Fuels

Diesel Spill Costs Owner $200,000

Mass. retailer resolves 15,000-gallon leak issue

MILFORD. Mass. -- The owner of a now-closed Gibbs Service Station in Milford, Mass., has agreed to pay $200,000 to resolve allegations that he and his companies failed to notify the proper authorities about a 15,000-gallon diesel-fuel leak from an underground tank at the station, according to a report in the Milford Daily News.

The fuel spill contaminated the groundwater and soil, and cleanup is ongoing, Joe Ferson, a spokesman for the state Department of Environmental Protection (DEP), told the newspaper.

Vincent Cuttone, 56, of Concord, Mass., and his two companies, Route 16 Gas Inc. and 16 Gas LLC, will pay $100,000 to the state and $100,000 to the state's Natural Resource Damages Trust under terms of the settlement that Suffolk Superior Court Judge Mitchell Kaplan approved Thursday, according to the report.

Cuttone said he has been in the gas-station business for 32 years and runs "very good operations."

"I know how operations are run and try to do the right thing," he said. "Sometimes it doesn't make a difference in life."

Cuttone will pay for annual environmental audits for the next three years at each gas station he owns, maintain tank monitoring equipment at the stations, and keep himself and his employees trained in the proper operation of the monitoring equipment, spill prevention and reporting, according to the attorney general's office.

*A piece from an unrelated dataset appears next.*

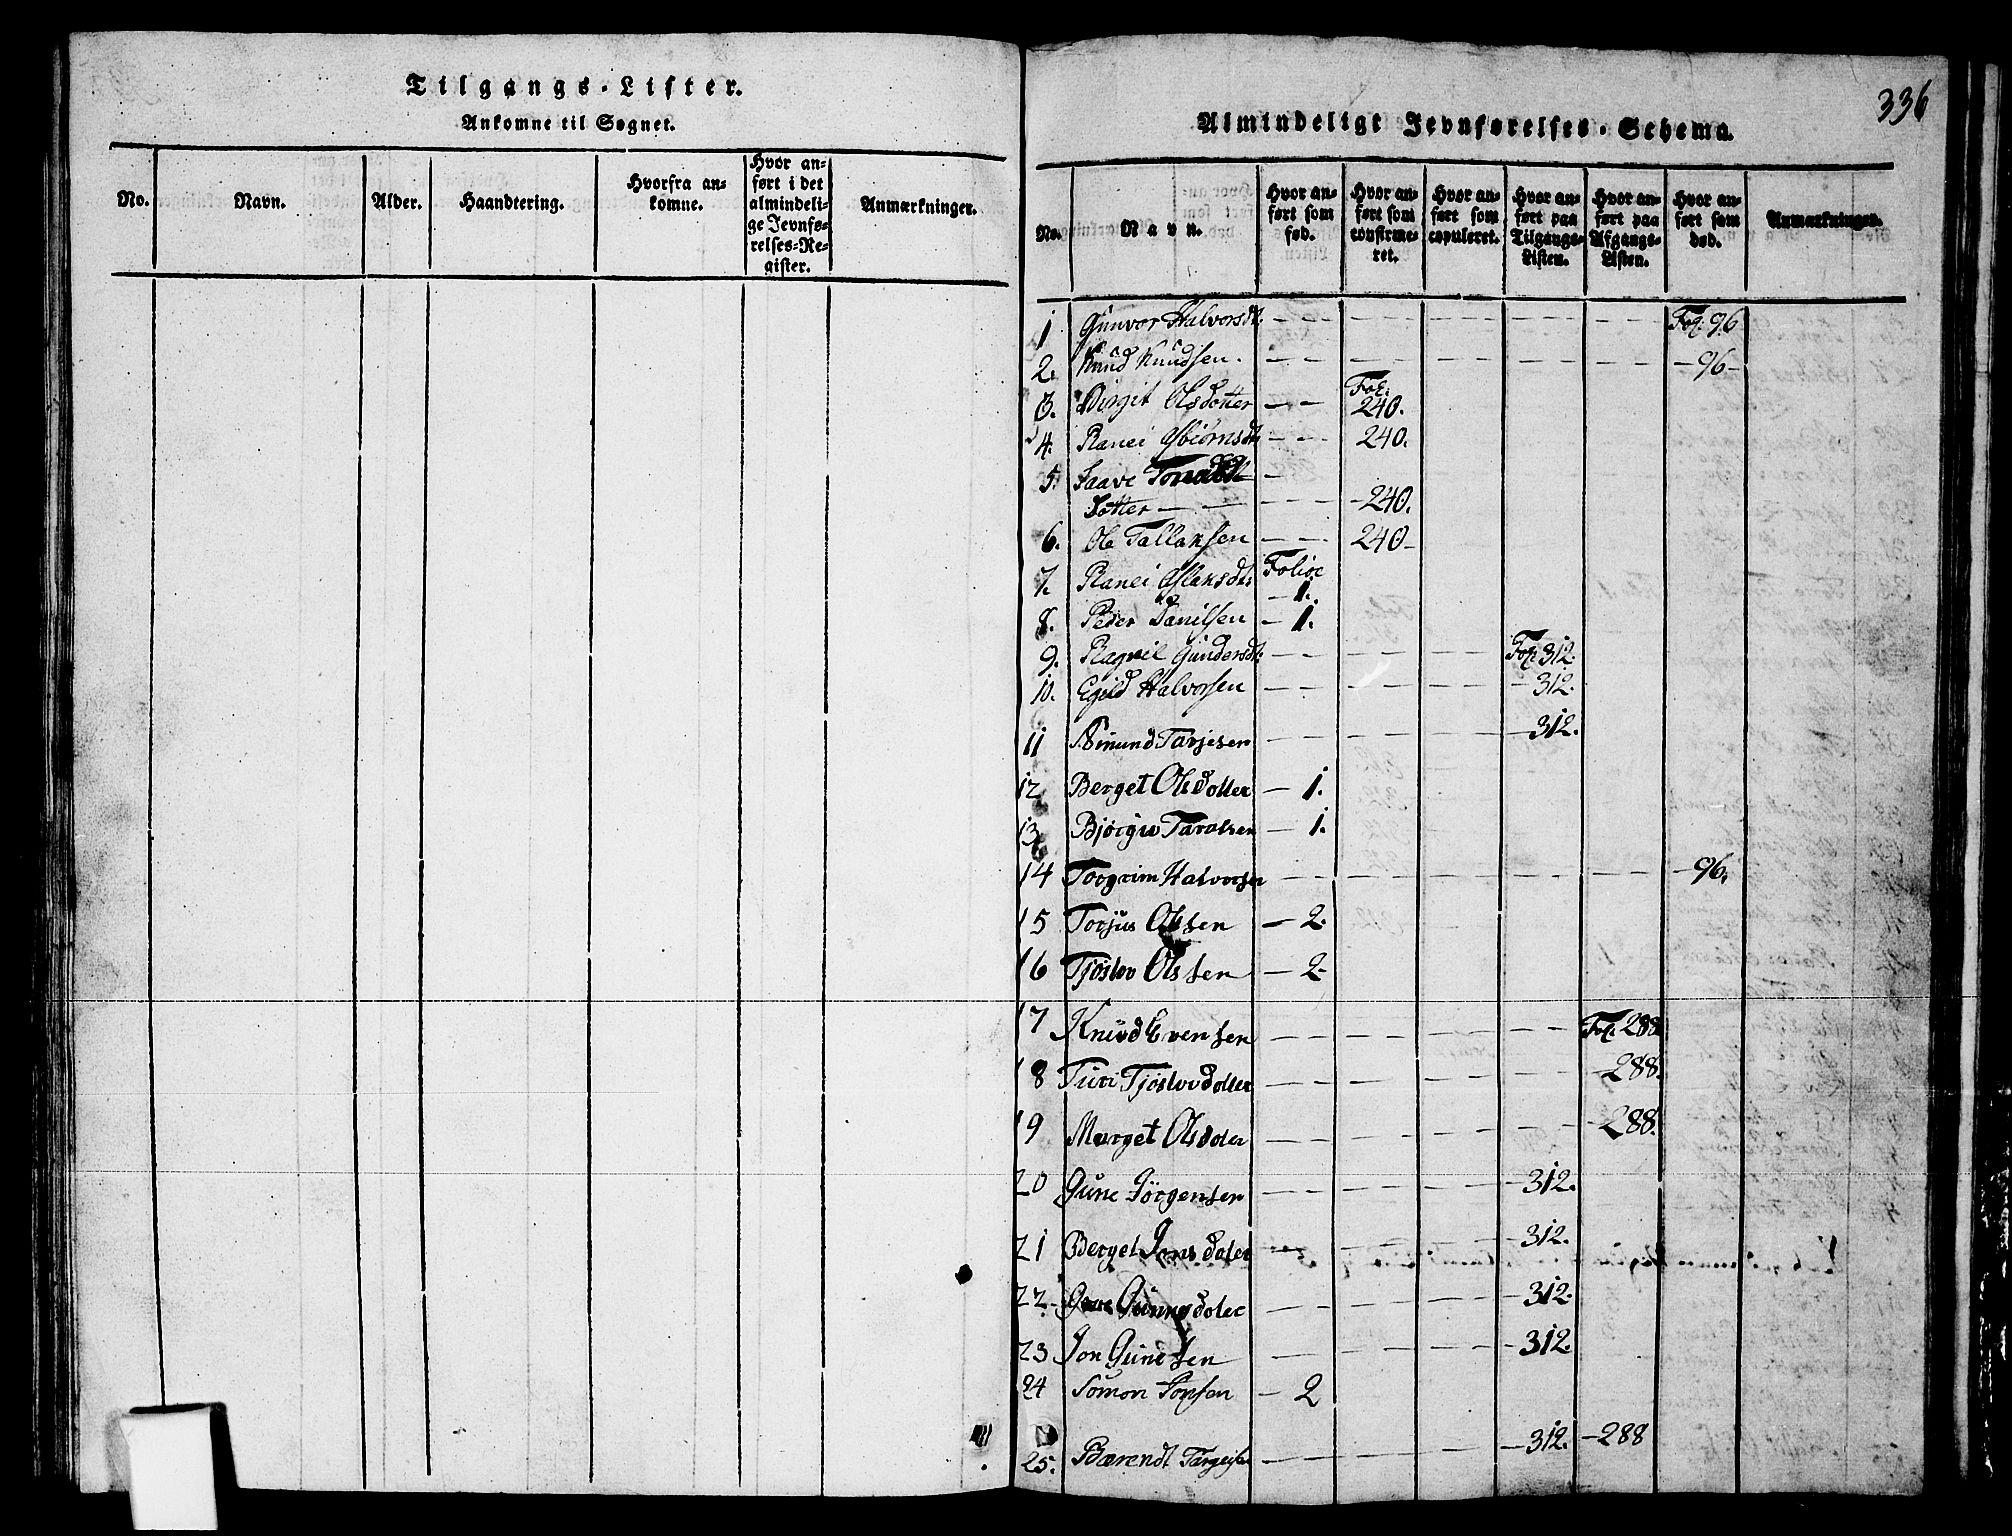 SAKO, Fyresdal kirkebøker, G/Ga/L0003: Klokkerbok nr. I 3, 1815-1863, s. 336

Cuttone owns several other gas stations, said Grant Woodman, a spokesman for the attorney general's office.

The DEP launched an investigation when an employee called police in July 2008 to report what was thought to be the theft of thousands of gallons of diesel fuel from one of the station's underground tanks. Data from a tank monitoring system showed several prior discrepancies in fuel levels that, under state fire regulations, should have been reported to the Milford Fire Department months earlier.

The data also indicated diesel fuel was released at about 8 gallons an hour, resulting in about 15,000 gallons of spilled fuel between April 2008 and July 2008.

Companies are required to notify the DEP within two hours of obtaining knowledge of a release of diesel fuel into the soil and groundwater.